Offline password managers are generally considered to be more secure as the data is stored locally, causing less data transfer and authentication which may potentially be exploitable by an attacker. While they are not quite as convenient as online password managers, the portability can often be recreated through the use of USB sticks (though this is rarely an option for mobile devices).

Autofill and Phishing Protection

An advantage of password managers is that they can help protect the user against phishing attacks as they will only fill in the credentials on the correct page, preventing the user from entering their password into a fake site. This is certainly good, however the autofill feature of many password managers, when poorly implemented or misconfigured, can allow for an attacker to obtain peoples’ passwords with relative ease. A great discussion of the issues associated with autofill features in password managers, as well as examples of attacks to exploit these features, can be found here.
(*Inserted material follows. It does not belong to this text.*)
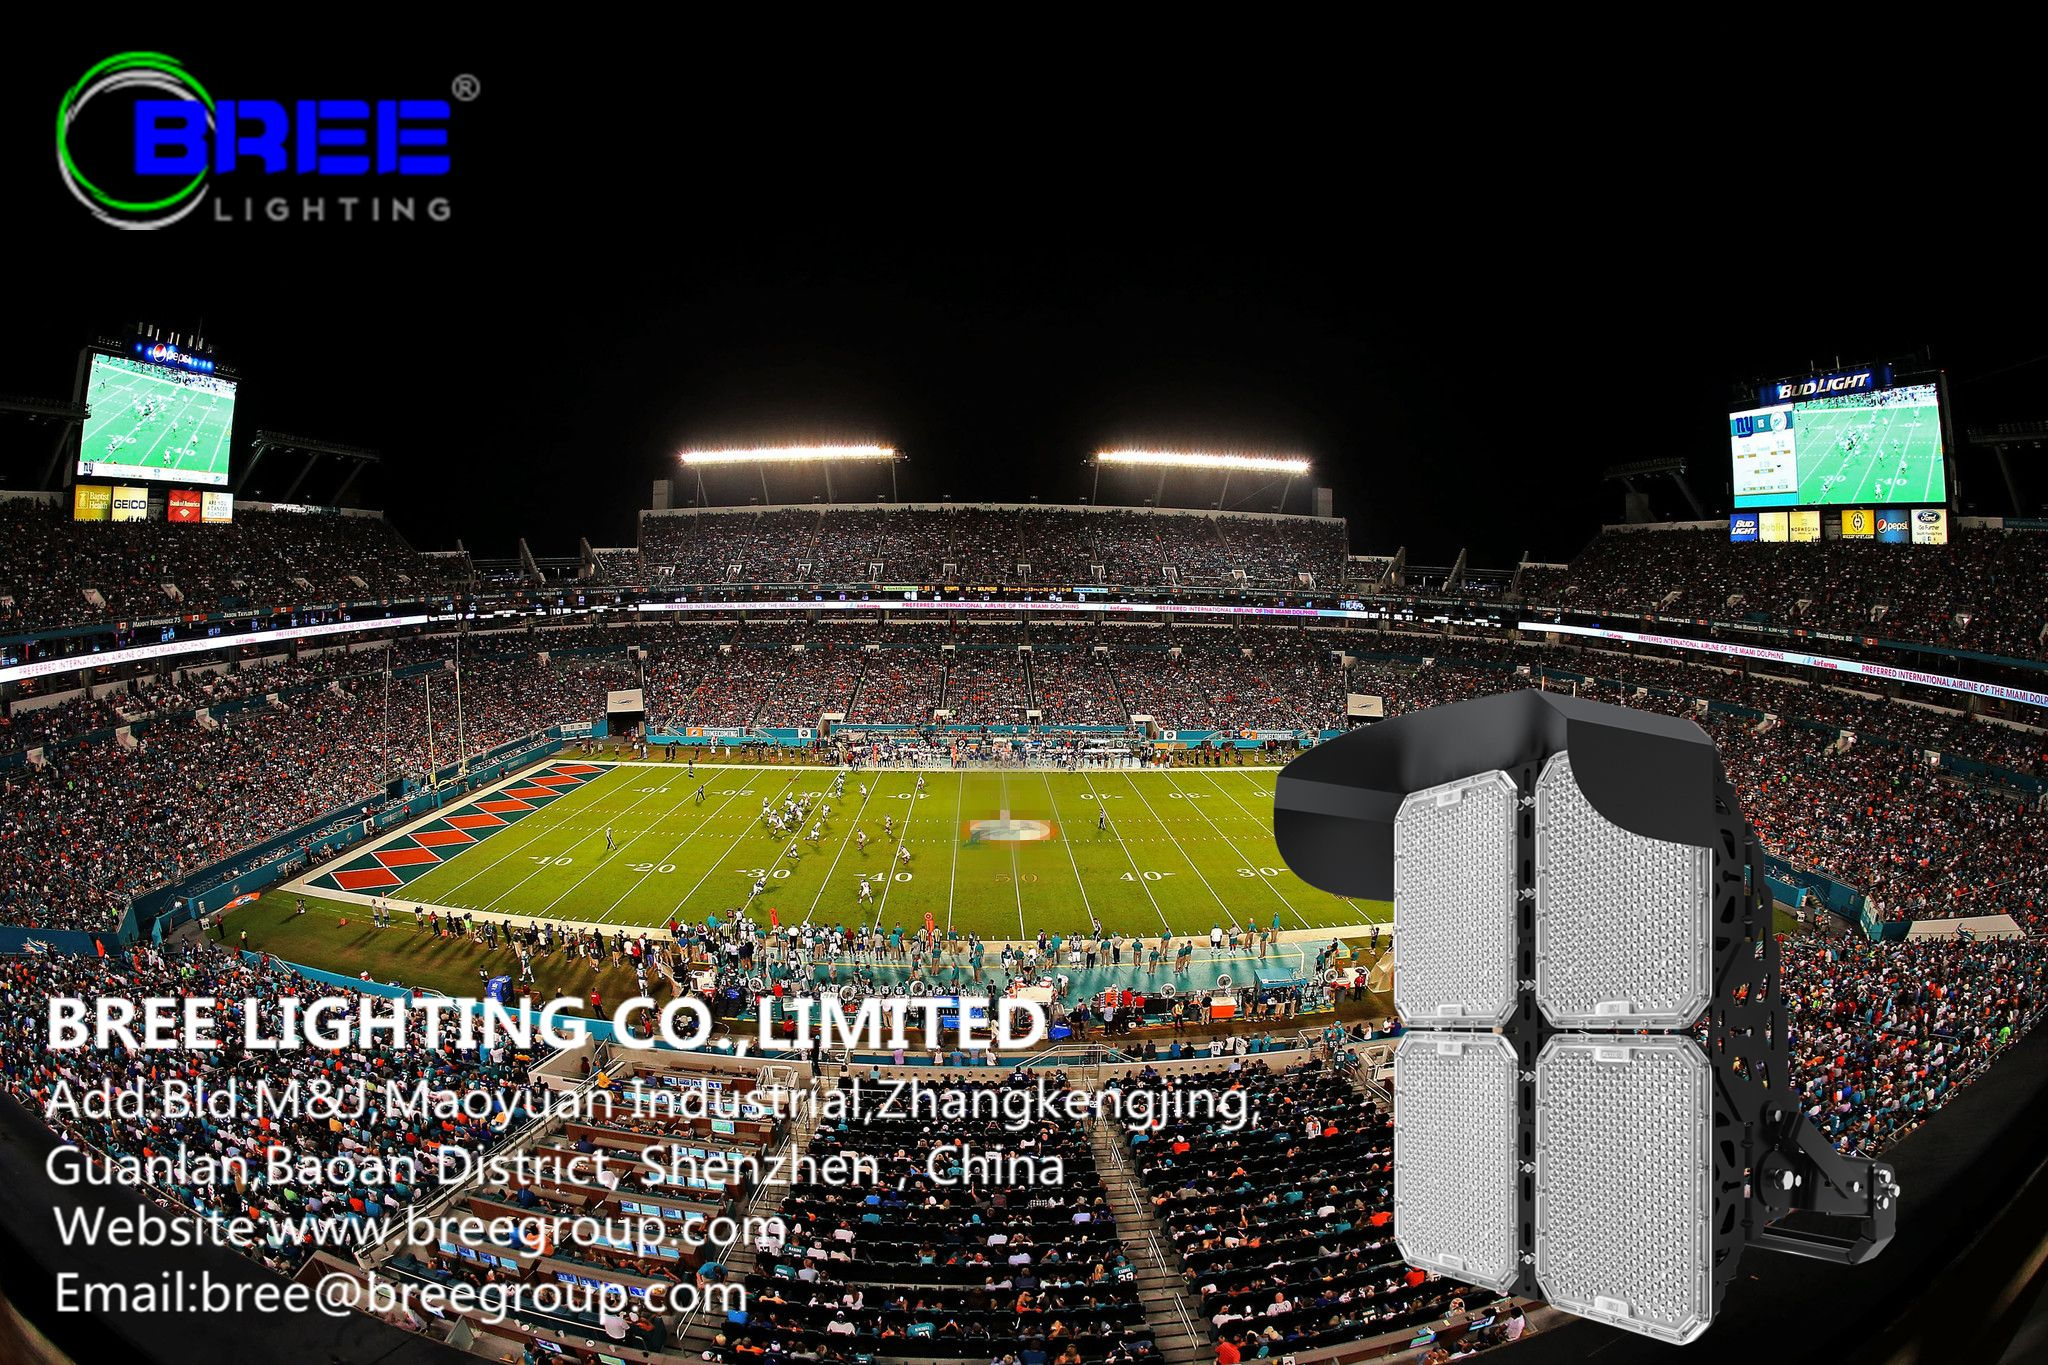 Led Floodlight 1000w Led Sports Light Sports Field Lighting Website Www Breegroup Com Email Bree Breegroup Com
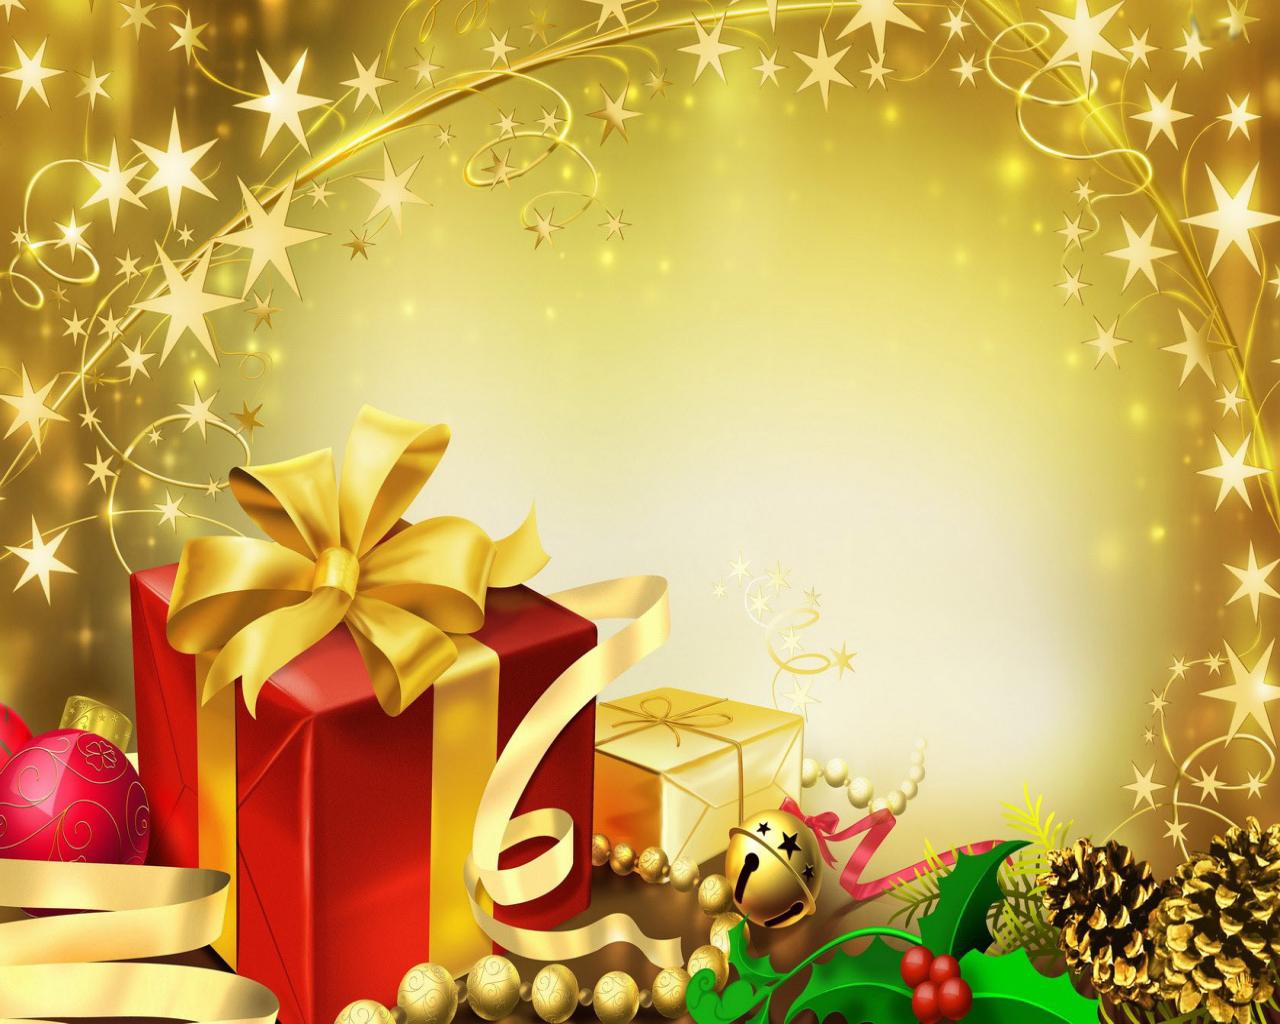 Christmas Present Desktop Wallpaper 1280x1024

The researchers from the previous paper were able to extract around ten passwords a second from a password manager using an invisible iFrame on the landing page of a WiFi hotspot (among other methods), without the knowledge of the victim. If you wish to use autofill, it is recommended that you set a your password manager to prompt you before entering credentials into a form to avoid such attacks.

Using a password manager is a good idea, so long as the password manager chosen is well made. You should choose which password manager to use based on the previously mentioned criteria, as well personal preference for things such as the UI, additional features, and method of browser integration.